The Highways Act 1980 (1980 c.66) is an Act of the Parliament of the United Kingdom dealing with the management and operation of the road network in England and Wales. It consolidated with amendments several earlier pieces of legislation. Many amendments relate only to changes of highway authority, to include new unitary councils and national parks. By virtue of the Local Government (Wales) Act 1994 and the Environment Act 1995, most references to local authority are taken to also include Welsh councils and national park authorities.

By virtue of the National Assembly for Wales (Transfer of Functions) Order 1999 most references to 'the Minister' are taken to include the Senedd. The Act is split into 14 parts covering 345 sections, it also includes 25 schedules.

Part 1: Highway authorities and agreements between authorities
Part 1 includes sections 1 to 9 of the Act. The legislation contained in these sections covers:
 Highway Authorities
 Agreements between authorities

Part 2: Trunk roads, classified roads, metropolitan roads, special roads

Part 2 includes sections 10 to 23 of the Act. The legislation contained in these sections covers:
 Trunk roads
 Classified roads
 Metropolitan roads
 Special roads (such as motorways)

Part 3: Creation of highways

Part 3 includes sections 24 to 35 of the Act. The legislation contained in these sections covers:
 Creation of new highways
 Creation of new footpaths and bridleways
 Dedication of highways

Private landowners sometimes display a notice quoting Section 31, when there is no dedication of a public right of way.

Part 4: Maintenance of highways
Part 4 includes sections 36 to 61 of the Act. The legislation contained in these sections covers:
 Highways maintainable at public expense, and their maintenance
 Maintenance of privately maintainable highways
 Powers covering enforcement of liabilities and recovery of costs
 Defence in respect of specific matters in legal action against a highway authority for damages for non-repair of highway

Section 38 Agreement

Under Section 38 of the Act, the highway authority may agree to adopt private roads. The authority can agree to adopt the street as a highway maintainable at public expense when all the street works have been carried out to their satisfaction, within a stated time. It is customary for the developer to enter into a bond for their performance with a bank or building society.

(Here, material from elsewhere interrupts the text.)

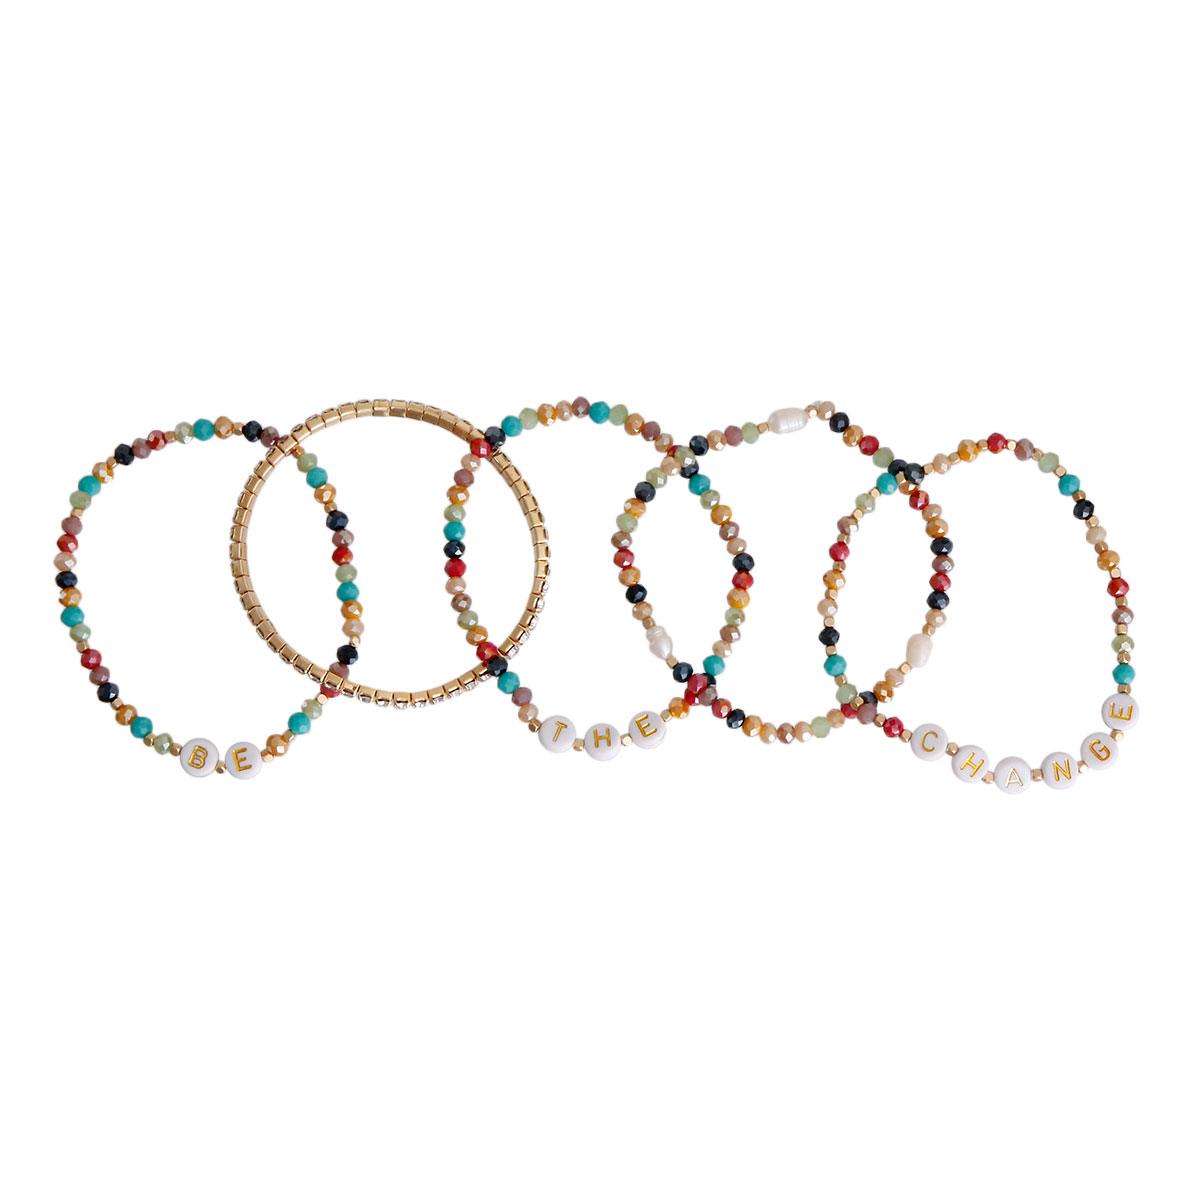 Shop Now: Beaded Bracelets for Women - Symbolize Change Today!

Part 5: Improvement of highways
Part 5 includes sections 62 to 105 of the Act. The legislation contained in these sections covers:
 Various powers to improve highways including – but not limited to:
 Widening of highways
 Installation of guardrails
 Construction, reconstruction and improvement of bridges and the like

Part 6: Navigable waters and watercourses

Part 6 includes sections 106 to 111 of the Act. The legislation contained in these sections covers:
 Construction of bridges over and tunnels under navigable waters
 Diversions of watercourses

Part 7: Provision of special facilities

Part 7 includes sections 112 to 115 of the Act. The legislation contained in these sections covers:
 Provision of picnic sites.
 Provision of public conveniences.
 Provision of areas for parking heavy goods vehicles.

Part 8: Stopping up of highways
Part 8 includes sections 116 to 129 of the Act. The legislation contained in these sections covers:
 Stopping up and diversion of highways
 Stopping up means of access to highways

Part 9: Lawful and unlawful interference with highways
Part 9 includes sections 130 to 185 of the Act. The legislation contained in these sections covers:
 Protection of public rights
 Damage to highways
 Obstruction of highways
 Danger or annoyance to highway users
 Precautions to be taken in doing certain works
 Request the highway authority to construct a vehicle crossing over a footway or verge in the highway

Part 10: New streets
Part 10 includes sections 186 to 202 of the Act. The legislation contained in these sections covers:
 New street byelaws
 Requirements and prohibitions as to new streets
 Enforcement of byelaws

Part 11: Making up of private streets
Part 11 includes sections 203 to 237 of the Act. The legislation contained in these sections covers:
 The private street works code
 The advance payments code
 General powers relating to private streets

Part 12: Acquisition, vesting and transfer of land
Part 12 includes sections 238 to 271 of the Act. The legislation contained in these sections covers:
 Acquisition of land for highway works
 Compensation relating to compulsory acquisition of land
 Vesting of land
 Transfer of property and liability when the status of a highway changes

Part 13: Financial provisions
Part 13 includes sections 272 to 281 of the Act. The legislation contained in these sections covers:
 Various rules on financial transactions relating to highways

Section 278 Agreement
A Section 278 Agreement allows private developers to either fund or complete works to public highways outside or beyond the development site itself, such as traffic calming and capacity improvements. The document is signed by the local highway authority and the developer to ensure that works are completed to the highway authority's satisfaction.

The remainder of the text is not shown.